When it sent its S 500 INTELLIGENT DRIVE research vehicle along a historic route in August 2013, Mercedes-Benz became the first motor manufacturer to demonstrate the feasibility of autonomous driving on both interurban and urban routes.
The route in question, covering the 100 kilometers (62 miles) or so from Mannheim to Pforzheim, retraced that taken by motoring pioneer Bertha Benz exactly 125 years ago when she set off on the very first long-distance drive.
In the heavy traffic of the 21st century the self-driving S-Class had to deal autonomously with a number of highly complex situations – traffic lights, roundabouts, pedestrians, cyclists and trams. It should be noted that this trailblazing success was not achieved using extremely expensive special technology, but with the aid of near-production-standard technology, very similar to that already found in the new E and S-Class.
In August 1888, Bertha Benz set off on her famous first long-distance automobile journey from Mannheim to Pforzheim.
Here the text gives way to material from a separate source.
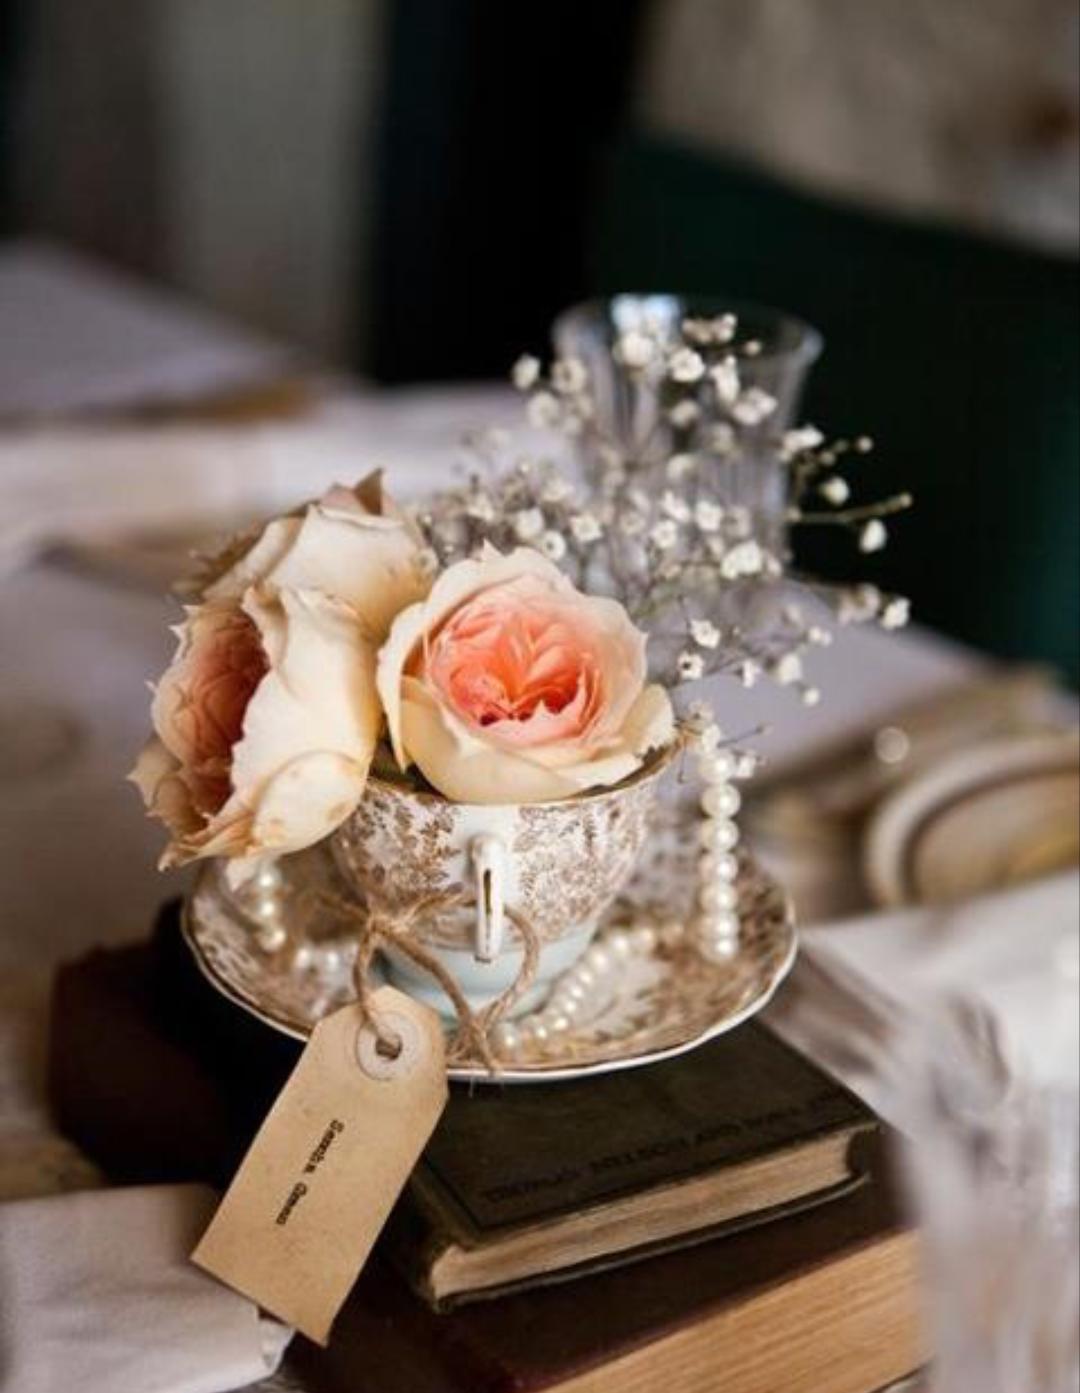 Wondrous Wedding Reception Decor Roses Tea Cups Old Books Pearls Download Free Architecture Designs Scobabritishbridgeorg

In doing so, the wife of Carl Benz demonstrated the suitability of the Benz patent motorcar for everyday use and thus paved the way for the worldwide success of the automobile. Precisely 125 years later, in August 2013, Mercedes-Benz said it recorded a no less spectacular pioneering achievement following the same route.
Developed on the basis of the new Mercedes-Benz S-Class, the S 500 INTELLIGENT DRIVE research vehicle autonomously covered the distance between Mannheim and Pforzheim. Yet, unlike Bertha Benz all those years ago, it did not have the road “all to itself”, but had to negotiate dense traffic and complex traffic situations.
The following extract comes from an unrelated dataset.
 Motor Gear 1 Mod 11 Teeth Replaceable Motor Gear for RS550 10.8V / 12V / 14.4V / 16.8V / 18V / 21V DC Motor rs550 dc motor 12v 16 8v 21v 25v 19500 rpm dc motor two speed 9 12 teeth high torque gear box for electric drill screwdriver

“This S-Class spells out where we’re headed with “Intelligent Drive” and what tremendous potential there is in currently available technology,” says Dr. Dieter Zetsche, Chief Executive Officer of Daimler AG and Head of Mercedes-Benz Cars. “Of course, it would have been a lot easier to take the autobahn for the autonomous drive from Mannheim to Pforzheim. But there was a special motivation for us to carry out this autonomous drive along this very route 125 years after Bertha Benz. After all, we wouldn’t be Mercedes-Benz unless we set ourselves challenging goals and then went on to achieve them.”
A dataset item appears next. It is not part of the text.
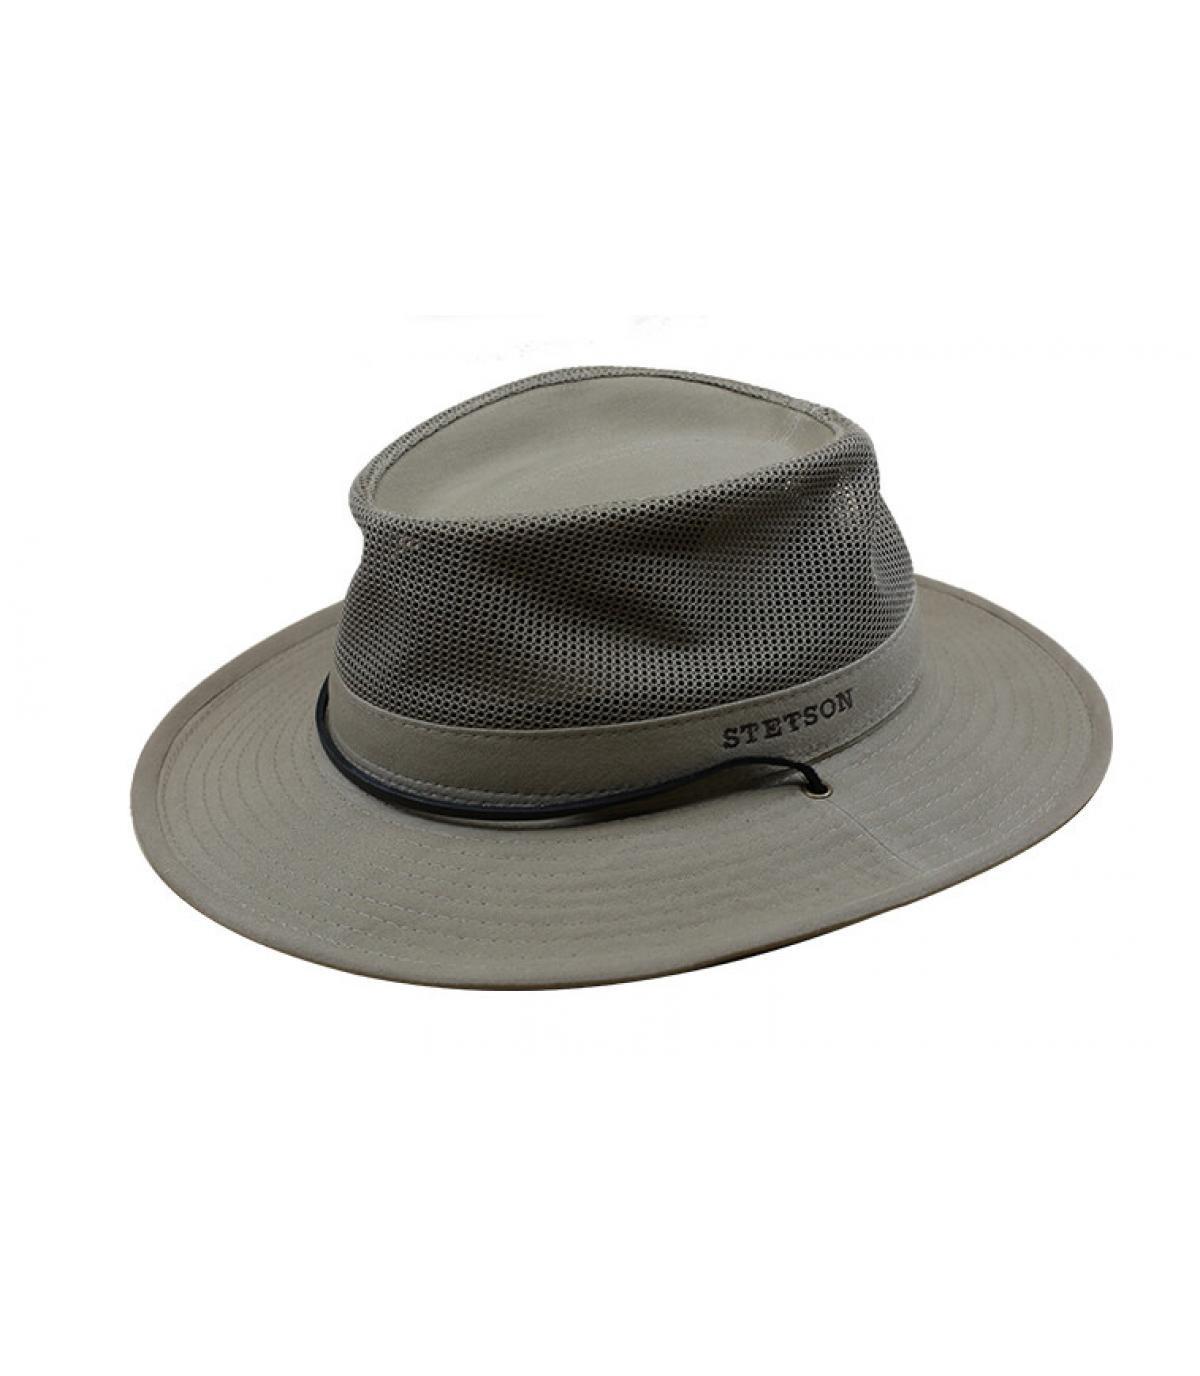 sombrero ventilado Stetson

The following is how Mercedes-Benz explained the technology and how it relates to its future cars:
Several levels of autonomous driving
The main advantages of autonomous driving are plain to see: it allows motorists to reach their destination quickly, safely and in a more relaxed frame of mind. Above all on routine journeys, in traffic jams, on crowded motorways with speed restrictions and at accident blackspots, an autonomous vehicle is capable of assisting the driver and relieving them of tedious routine tasks. However, the intention is not to deprive the driver of the experience and pleasure of doing the driving for themselves. “Our autonomous systems offer to assist and unburden the driver. Those who want to drive themselves are free to do so, and that won’t change in future either,” stresses Daimler development chief Weber. “It’s clear, however, that autonomous driving will not come overnight, but will be realised in stages. With this drive, we’ve now taken another important step into the future.”
A distinction is made between three levels of autonomous driving. These have been defined by a VDA working group in collaboration with the German Federal Highway Research Institute (BASt): partially, highly and fully automated.
- With partially automated driving, the driver must constantly monitor the automatic functions and must not pursue any non-driving-related activity.
- In the case of highly automated driving, the driver need not permanently monitor the system. In this case, non-driving-related activities are conceivable on a limited scale. The system recognises its limitations by itself and passes the driving function back to the driver with sufficient time to spare.
- With fully automated driving, the system is capable of autonomously coping with every situation; the driver need not monitor the system and can pursue non-driving-related activities. Equally, driverless driving is possible at this level.
Partially automated driving is already available to drivers of new Mercedes-Benz E and S-Class models: the new DISTRONIC PLUS with Steering Assist and Stop&Go Pilot is capable of steering the vehicle mainly autonomously through traffic jams. This system thus forms the core of “Mercedes-Benz Intelligent Drive”, the intelligent networking of all safety and comfort systems on the way to accident-free and, ultimately, autonomous driving.
The now successfully conducted autonomous test drives along the Bertha Benz route allowed the Daimler researchers to gather important information on the challenges that remain to be addressed on the way to highly and fully automated driving and what, for example, still needs to be done to enable a car to navigate safely in highly complex situations involving traffic lights, roundabouts, pedestrians and trams.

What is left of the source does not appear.